F18-STAT946-Proposal

From statwiki
Revision as of 15:18, 5 October 2018 by S2ganapa (talk | contribs)
Jump to navigation Jump to search

Project # 0 Group members:

Last name, First name

Last name, First name

Last name, First name

Last name, First name

Title: Making a String Telephone

Description: We use paper cups to make a string phone and talk with friends while learning about sound waves with this science project. (Explain your project in one or two paragraphs).


Project # 1 Group members:

Zhang, Xinyue

Zhang, Junyi

Chen, Shala

Title: Airbus Ship Detection Challenge

Description: The idea and data for this project is taken from https://www.kaggle.com/c/airbus-ship-detection#description. The goal for this project is to build a model that detects all ships in satellite images and put an aligned bounding box segment around the ships we locate. We are going to extract the segmentation map for the ships first, augment the images and train a simple CNN model to detect them.



Project # 2 Group members:

Nekoei, Hadi

Afify, Ahmed

Carrillo, Juan

Ganapathi Subramanian, Sriram

Title: Algorithmic Analysis and Improvements in Multi-Agent Reinforcement Learning in Partially Observable Settings

Description: Reinforcement learning (RL) is a branch of Machine Learning in which an agent learns to act optimally in an environment using weak reward signals, which is different from strong labels in supervised learning. Multi-Agent Reinforcement Learning (MARL) is composed of multiple agents that can be competing against each other or cooperating together to achieve a common goal.

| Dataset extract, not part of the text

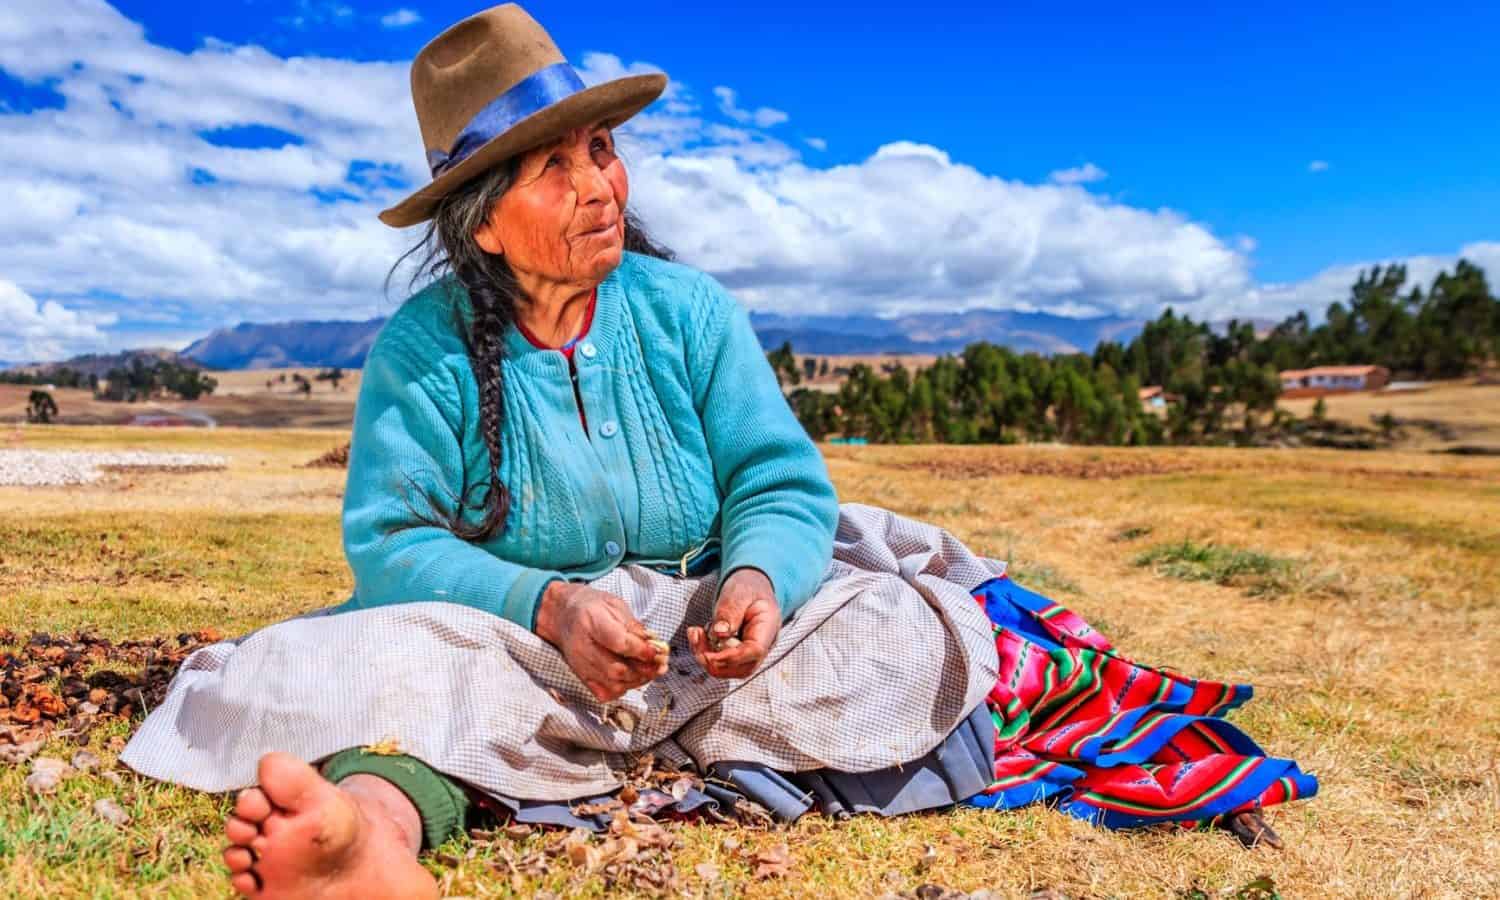 Food Tank is celebrating World Day of Indigenous Peoples by highlighting five indigenous farming practices enhancing global food security.

Our project aims to investigate the performance of several state of the art Multi-Agent Reinforcement Learning (MARL) algorithms in playing the game of Pommerman. This game will be used as a benchmark during a competition that will be held in NIPS 2018 (https://www.pommerman.com). We plan to participate and compare the performance of our agents against agents created by other researchers. Our project also aims to make algorithmic improvements to the state of the art MARL algorithms and come up with a new algorithm that renders best performance in this partially observable multi-agent setting of Pommerman.

In Pommerman, we have two competing teams, each has two agents who work together to defeat the opponent team. The agents move inside the board leaving bombs that can eliminate other agents when exploding in their horizontal or vertical vicinity. The agents can obtain bonuses such as extra bombs, increased bomb range, or ability to kick installed bombs. Our two agents can choose one of the following actions: stop, move up, move left, move down, move right, or lay a bomb. Each agent will receive an 11x11 grid of integer values representing the board state. Additional information will be provided to the agents such as its own position, positions of his teammate and enemies, available bombs, blast strength, kicking ability, and surrounding walls and bombs.

The algorithms that we are considering are:

- Monte Carlo Tree Search and Reinforcement Learning: Combining MCTS with deep neural networks.

- Multi-Agent Deep Deterministic Policy Gradient (DDPG): A technique developed by OpenAI, based on the Deep Deterministic Policy Gradient technique that outperforms traditional Reinforcement Learning algorithms (DQN/DDPG/TRPO) in several environments.

- Opponent Modelling in Deep Reinforcement Learning: based on DQN to model opponents through a Deep Reinforcement Opponent Network (DRON).

We will use Convolutional Neural Networks for data pre-processing, where we extract features from inputs. We will also be using Feed Forward Deep Networks along with Reinforcement learning frameworks in all the algorithms we implement (Deep Reinforcement learning).